> **SUPPLIED ENTRIES**:
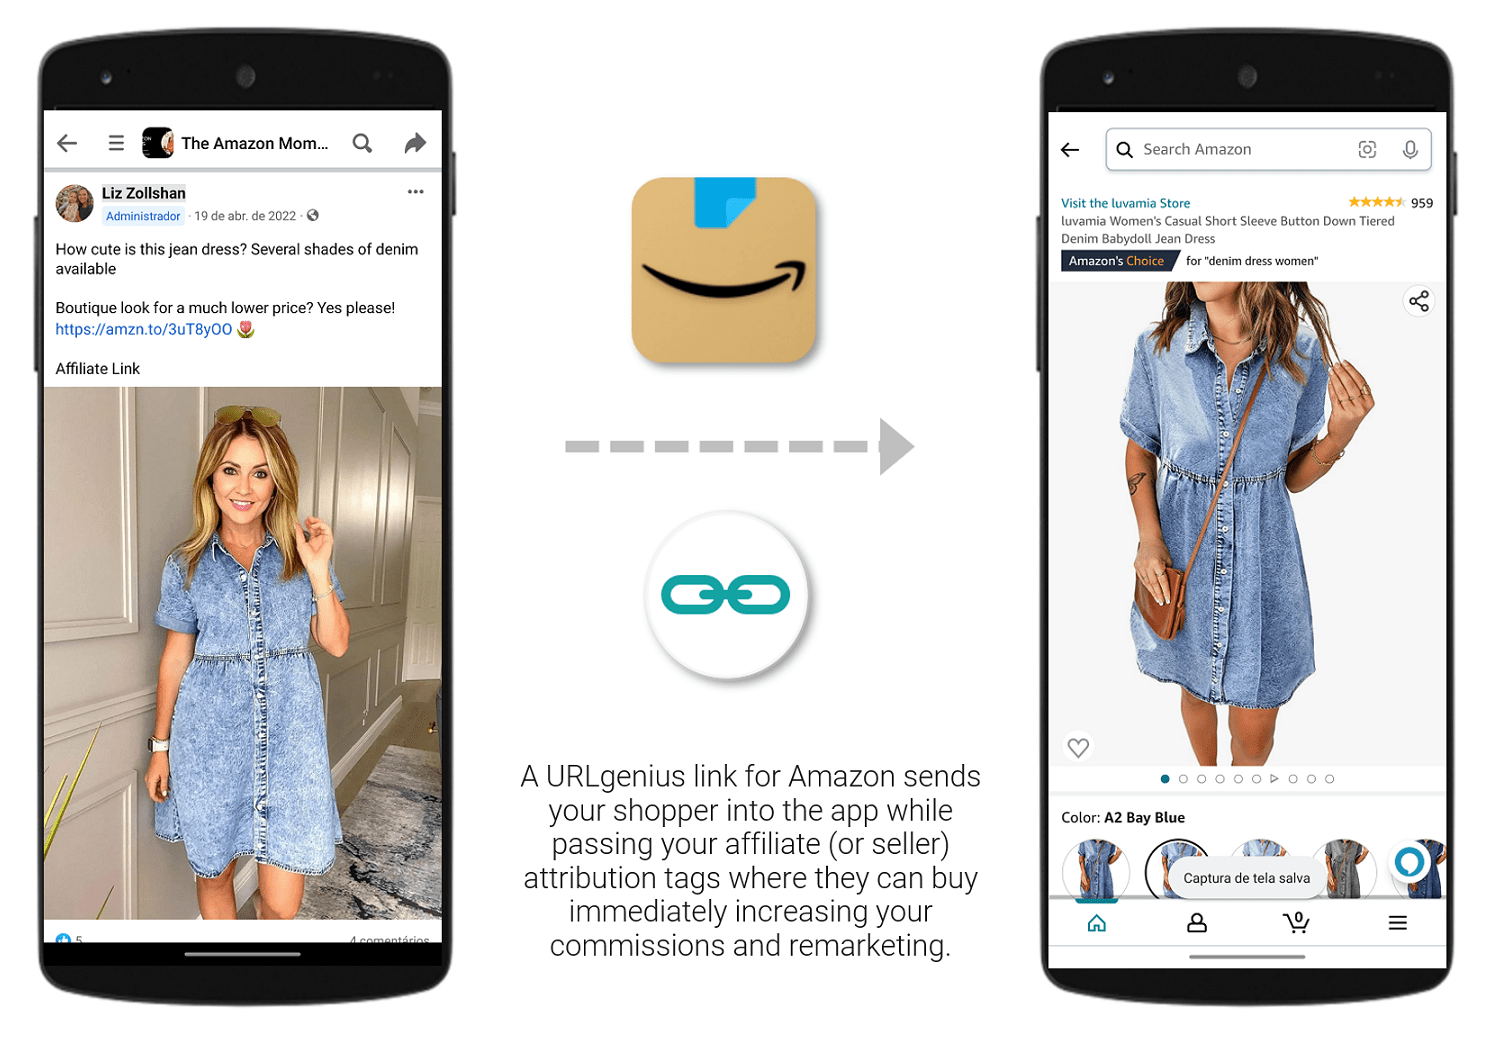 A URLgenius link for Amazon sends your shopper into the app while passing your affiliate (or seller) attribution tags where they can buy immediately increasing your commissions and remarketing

...

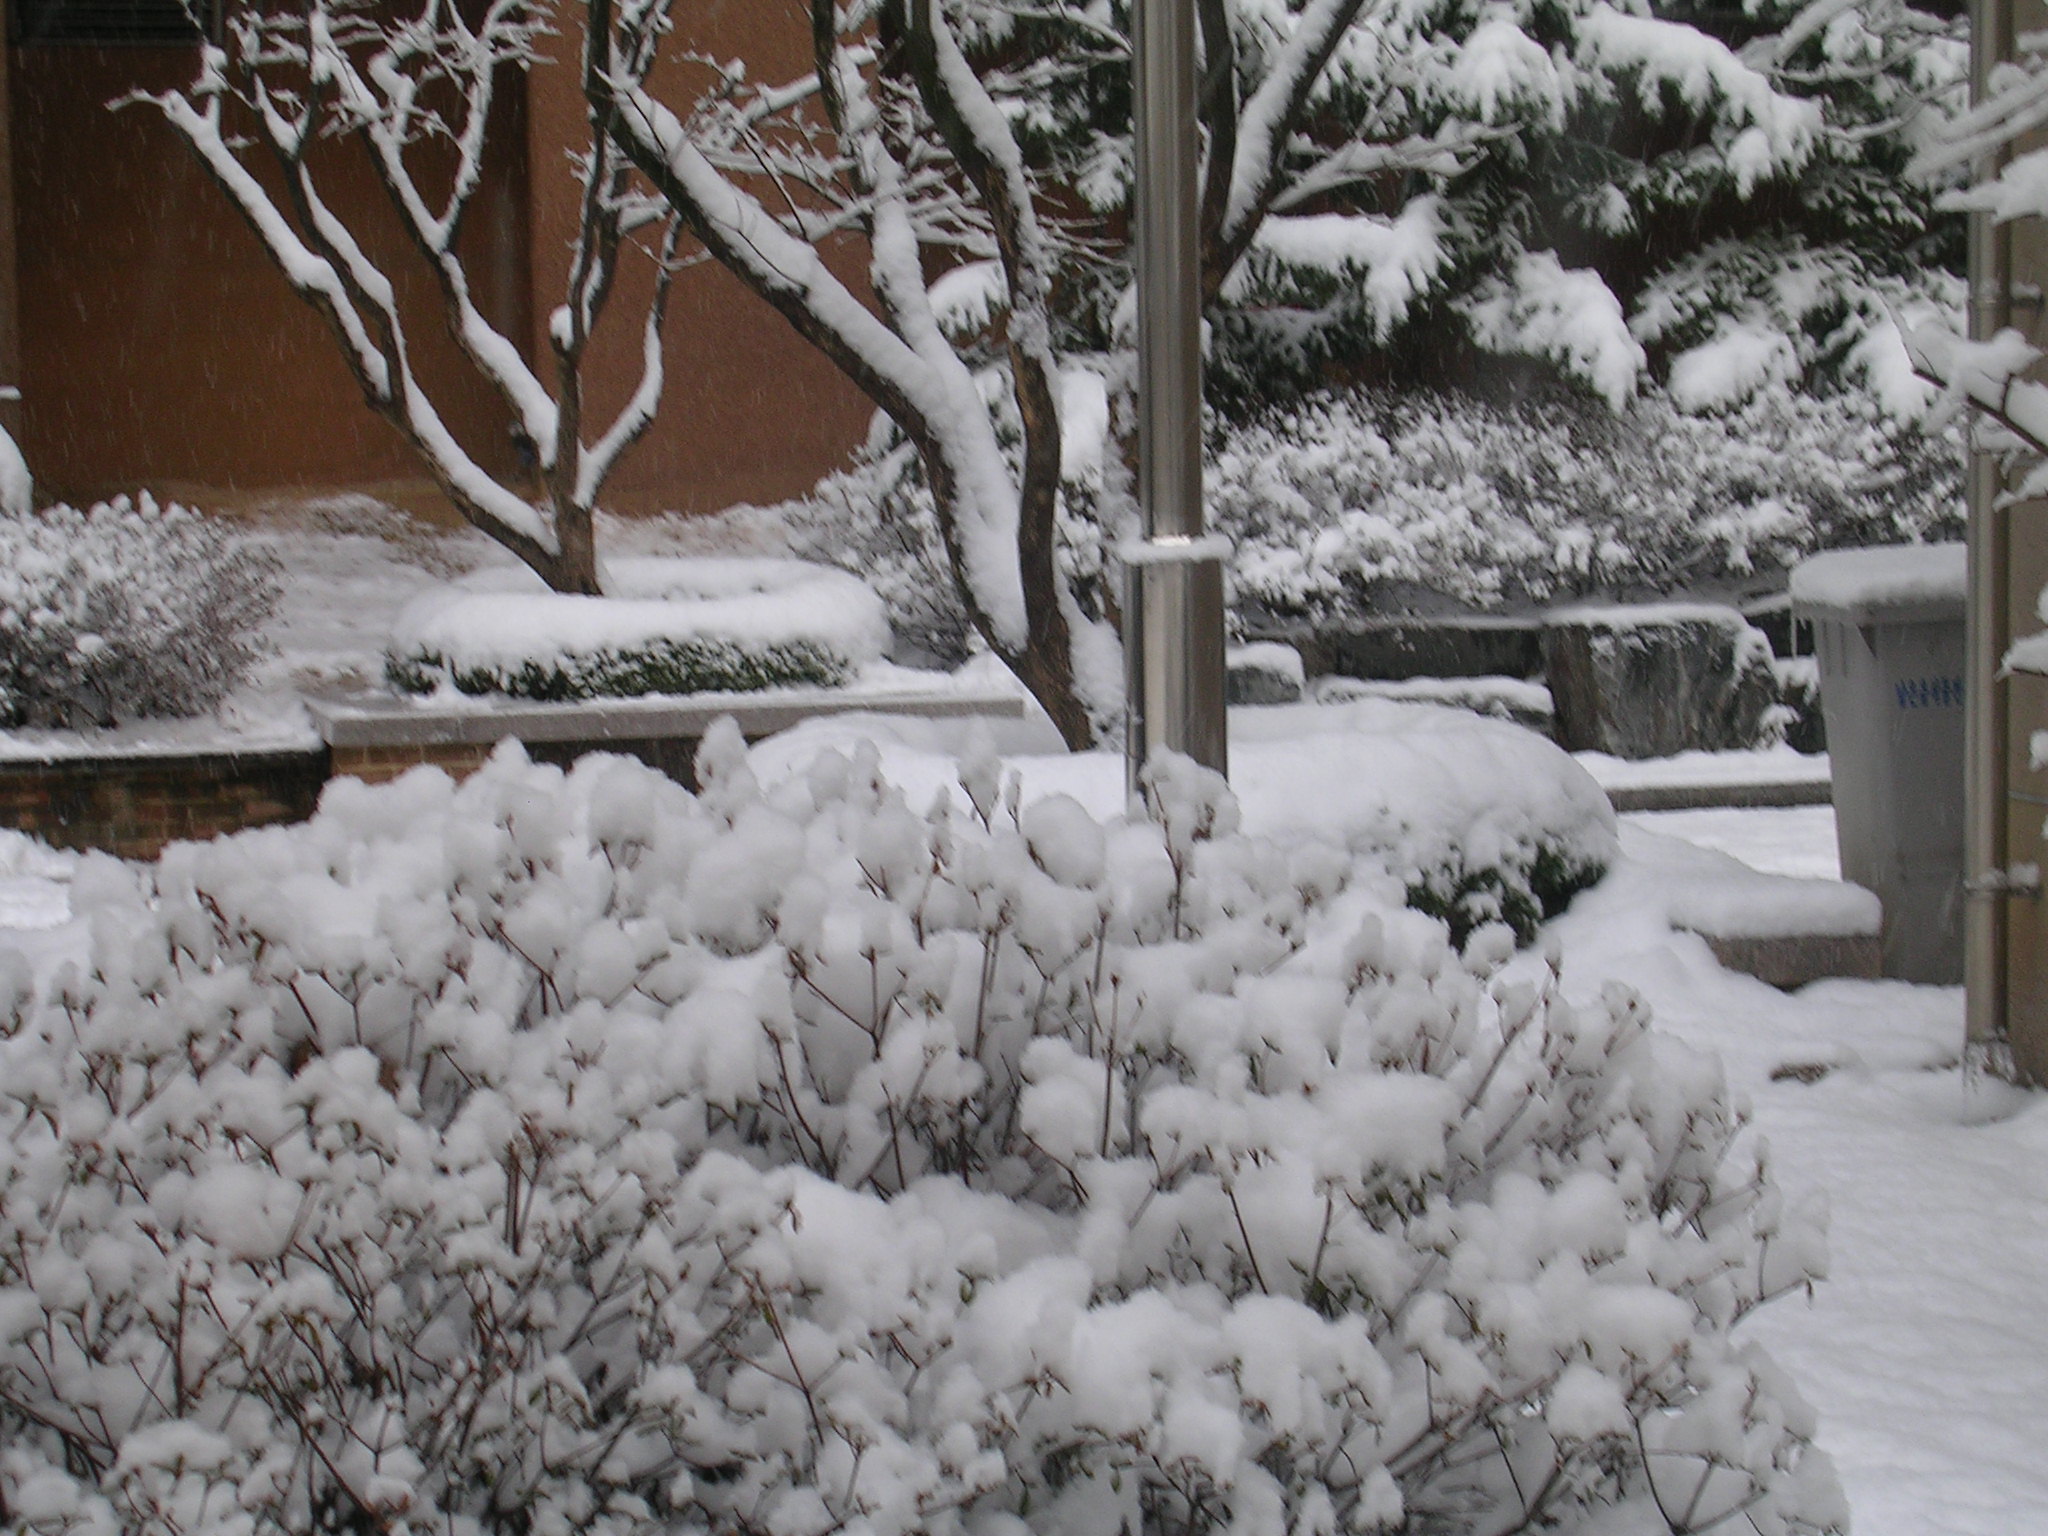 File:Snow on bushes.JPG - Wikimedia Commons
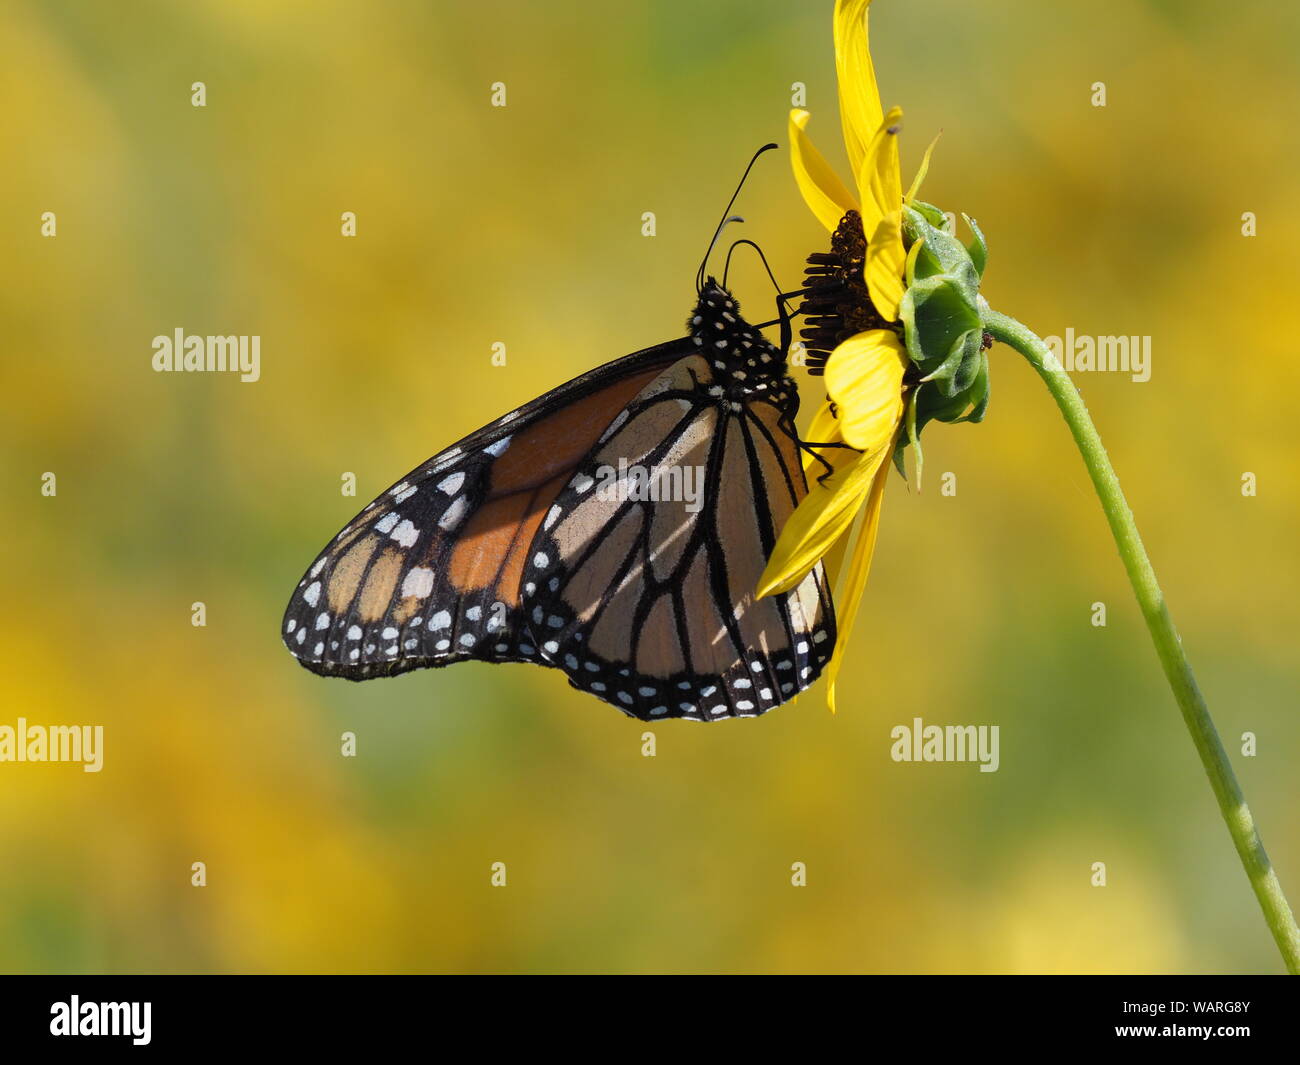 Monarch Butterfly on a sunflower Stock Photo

> **TASK ITEM**: Starting at the line with "File:Snow on bushes.JPG - Wikimedia Commons" in the entries above, write out every line exactly until the line with "Monarch Butterfly on a sunflower Stock Photo" has been written. Include no pictures and nothing more.

> **RESPONSE**:
 File:Snow on bushes.JPG - Wikimedia Commons
 Monarch Butterfly on a sunflower Stock Photo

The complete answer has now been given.